Victorian Ombudsman cites FOI and whistleblower failings

The Victorian Ombudsman in his annual report tabled in Parliament urges the Government to avoid complacency regarding public sector ethical standards, and in the usual polite and discrete language that ombudsmen use, gave the Government a kick in the pants about Freedom of Infomation.It's a sad comment that 25 years after the legislation was introduced in Victoria the Ombudsman is still lamenting the fact that some involved in administration of the law still don't get it. This from the overview chapter:

"Cultural change is also needed in relation to the administration of freedom of information. In a number of jurisdictions, the basic underlying values of openness and accountability in the Freedom of Information Act 1982 (the FOI Act) are still not properly understood, resulting in an often defensive response to FOI requests. This is despite the fact that the intent of the
FOI Act,and the Attorney-General’s guidelines in relation to it, stress openness and transparency as the primary motivating values that should guide officers in their actions."
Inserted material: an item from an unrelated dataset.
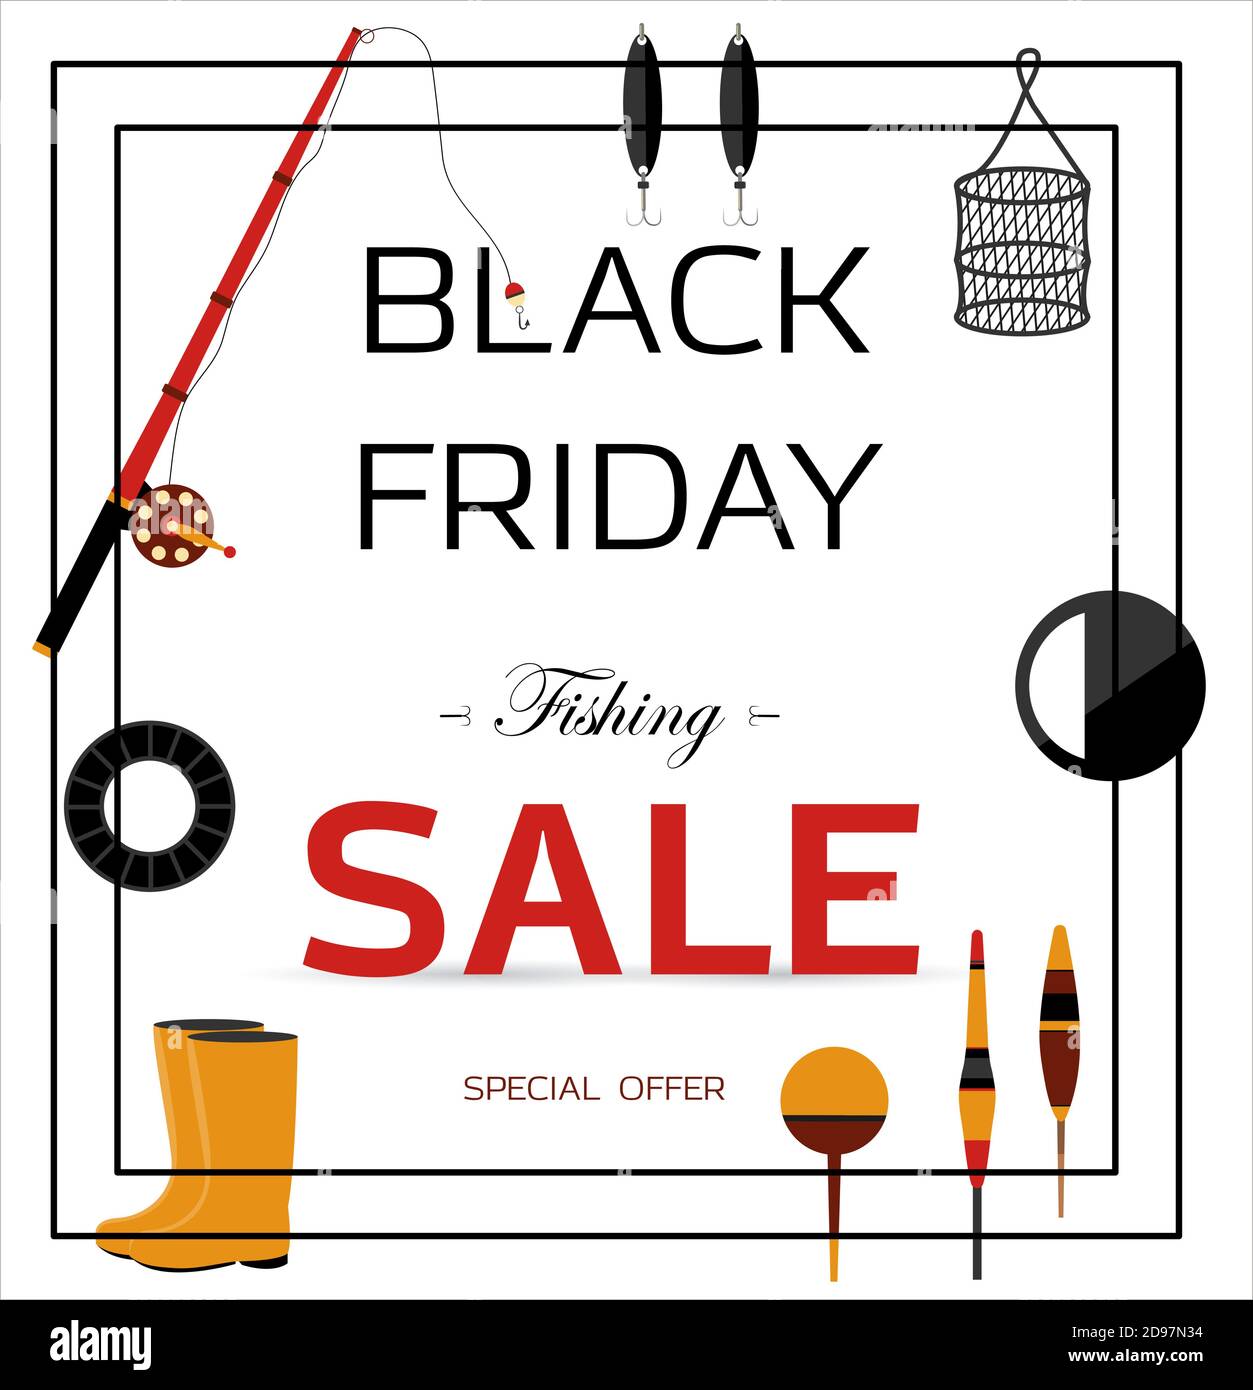 https://c8.alamy.com/comp/2D97N34/advertising-poster-for-black-friday-shop-that-sells-fishing-products-and-gear-banner-for-discounts-and-sales-a-poster-with-an-inscription-and-a-special-offer-of-the-store-online-store-with-home-delivery-vector-illustration-2D97N34.jpg
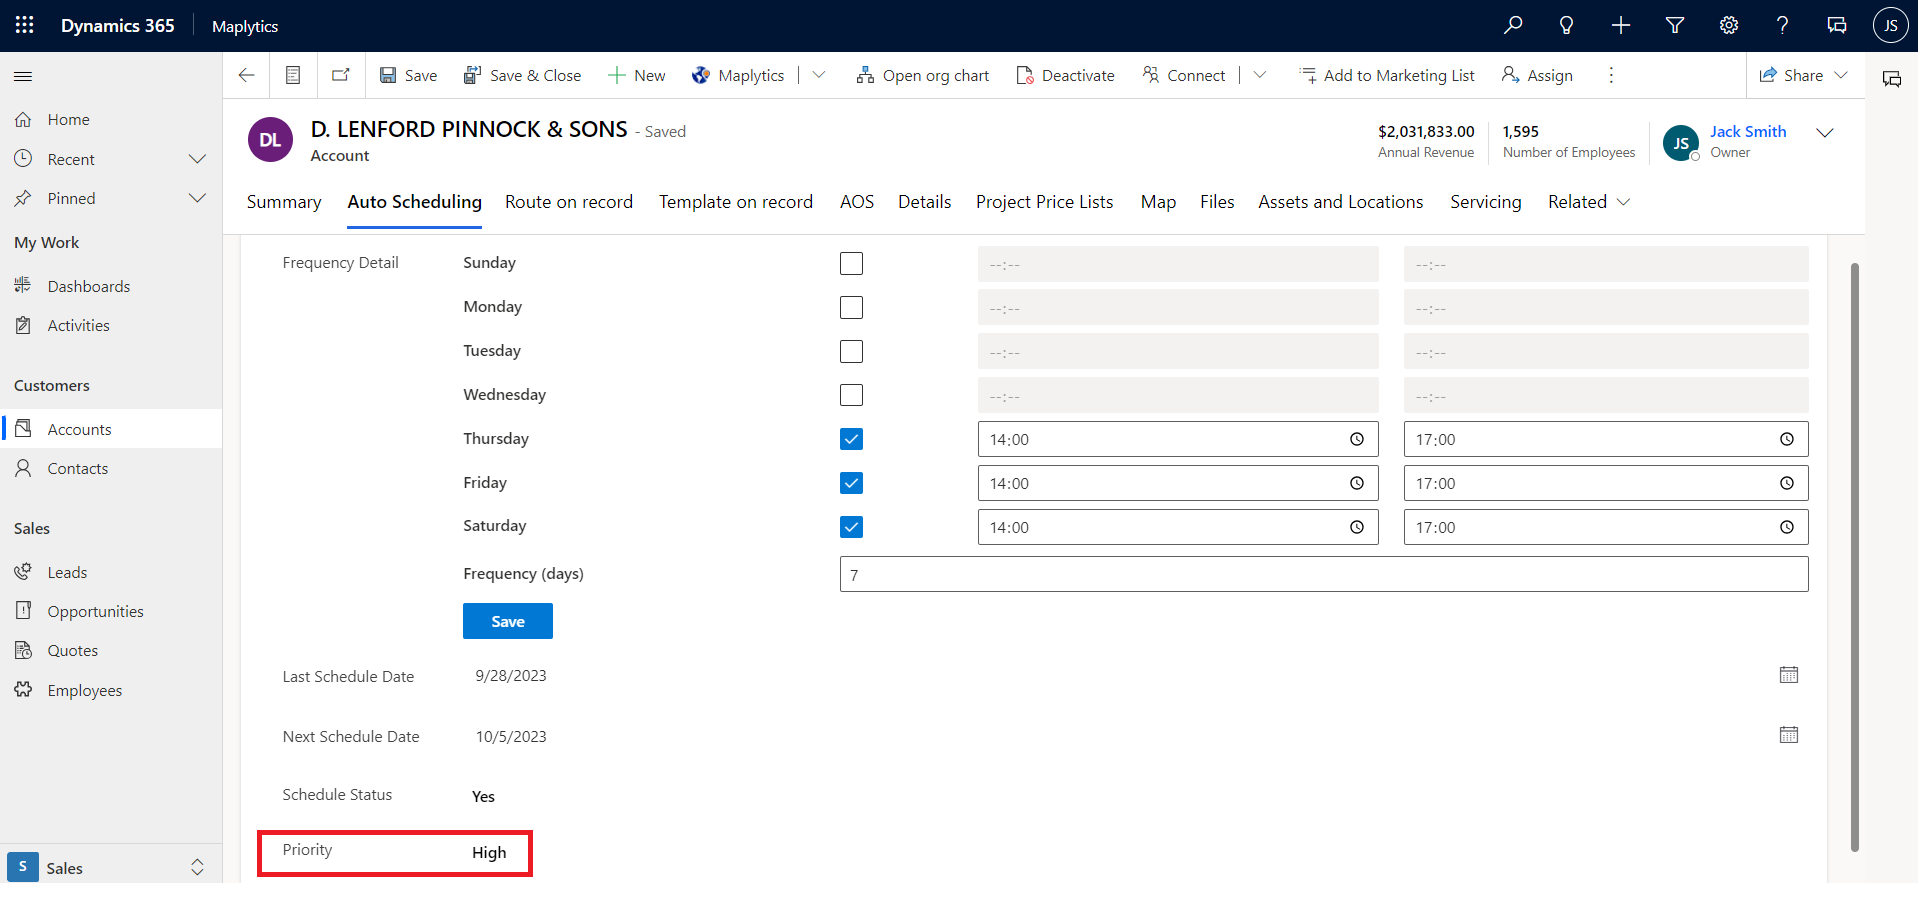 Scheduling in Dynamics 365 CRM

The Ombudsman apparently has bent a few ears in government,with some success, over unsatisfactory whistleblower protection legislation:

"The Whistleblowers Protection Act 2001 is an important means by which corrupt behaviour can be brought to light. The objectives of the Act are to encourage and facilitate whistleblowers to make disclosures of improper conduct; to establish a system to investigate these matters; and to protect whistleblowers from any adverse consequences as a result of making a disclosure. I am responsible for assessing, managing and investigating whistleblower disclosures. I have gained considerable experience in the operation of the Act and in handling the challenges that it presents in fulfilling my role.Transparency should be one of the Act’s principal aims and Parliament has an important role in ensuring that the Act is effective. Unfortunately the current legislation is unduly complex and inhibiting to individuals. Some provisions in fact work against the principles of transparency and accountability. I have therefore recommended to the Attorney-General that a review of the Act be undertaken. The Attorney-General has agreed to the review and an interdepartmental committee has been established. I consider this review
to be timely."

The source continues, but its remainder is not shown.